En la última hora, la directora confirmó que los llevarían en micro a conocer la Universidad de aquel partido del conurbano bonaerense. Allí les dieron la bienvenida y les organizaron un recorrido por las distintas facultades. A ella le llamó la atención el clima de euforia que se vivía en los centros de estudiantes.
De vuelta al colegio, alguien activó el celular y de la voz de Mercedes Sosa aparecieron una sinfonía de matices que inundaron el colectivo, la negra estaba cantando “Juana Azurduy”. Sus compañeros adoptaron de inmediato esa canción y la cantaron como si fuera el himno que representaba la rebeldía, de los que no se resignan a quedar afuera del conocimiento.
Una compañera del curso descubrió la página de los arlequines colifatos "divagando" y comenzó a leer en voz alta el siguiente poema:
La gente pasa a su lado, pero no los ve
él niño se relame y mira fijo a la vidriera
mientras el viento de otoño envuelve su espaldita,
de su nariz caen las gotas del resfrío
y su manito sigue frotándose la panza.
El perro callejero que lo acompaña, desespera!
Y ladrando reclama para que alguien los ayude.
Pero, la gente sigue pasando… Y no los quiere ver.
Cuando Lucía escuchó el poema, no pudo evitar que aparecieran lágrimas en su rostro y sintió la imperiosa necesidad de contarle a alguien lo que le estaba pasando. Conversar con sus amigas sobre este tema le daba vergüenza y solo atinó a hablar con Dios…Con quien hacía mucho tiempo que estaba muy enojada (quizás más que con su padre ausente).
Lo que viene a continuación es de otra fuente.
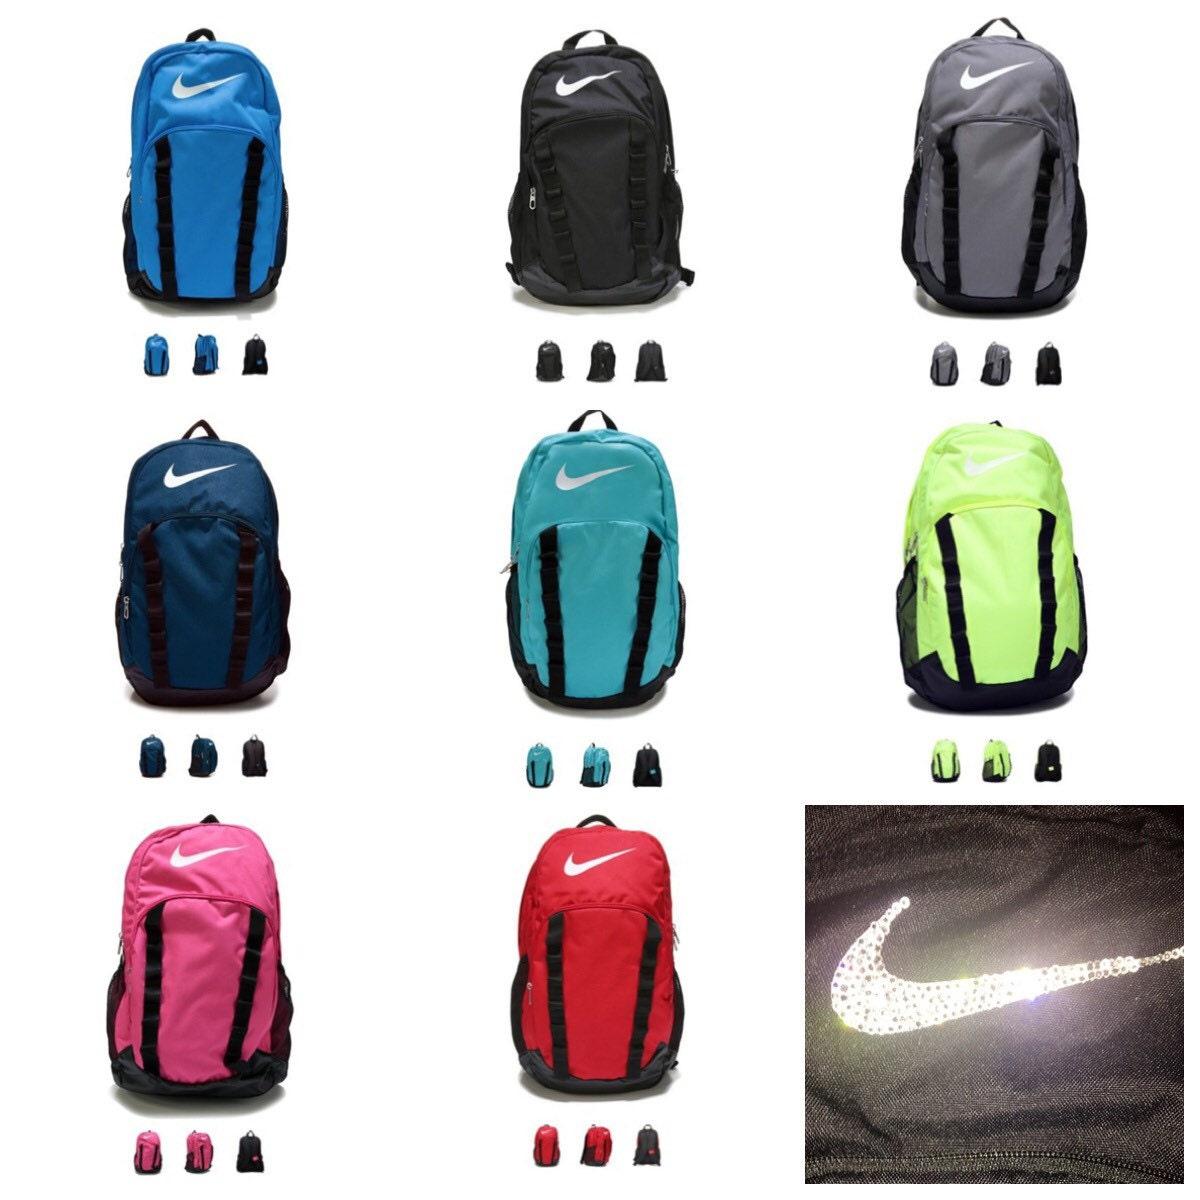 eca4578ef4 nike brasilia xl backpack cheap   OFF54% The Largest Catalog Discounts

Sentada en el último asiento del micro, quiso secarse sus párpados mojados, pero las lágrimas salían y salían sin pedir permiso, hasta que desde lo más profundo de su ser, terminó aflorando un juramento con el que ella pudo desahogarse y en voz baja dijo:
“Te juro Dios que jamás voy a sentirme inferior, solo por ser pobre.
Que no voy a permitir que nada, ni nadie, me roben el sueño de poder estudiar.
Que voy a ser profesora…Para darles una oportunidad a quienes quedan excluidos.
Que nunca más quiero ver a mamá angustiada, porque mis hermanitos pasan hambre”.
El colectivo seguía avanzando a marcha lenta, las calandrias dibujaban en el aire curiosas figuras, cómo presagiando la llegada de mejores tiempos. Lucía intentaba superar el dolor y a esa altura ya había hecho las paces con Dios, porque él le dijo que ella misma se forjaría su destino.
Ese frío invierno los narcisos mostraron todo su esplendor y fueron testigos privilegiados de cómo una joven flaquita e inteligente desobedecía el mandato social que impone la clase dominante, cuando nos dice que los pobres no llegan a la universidad. Y esas mismas flores, presenciaron cómo la esperanza, esa caricia reparadora que cura el alma, se iba anidando poco a poco en el enorme corazón de Lucía.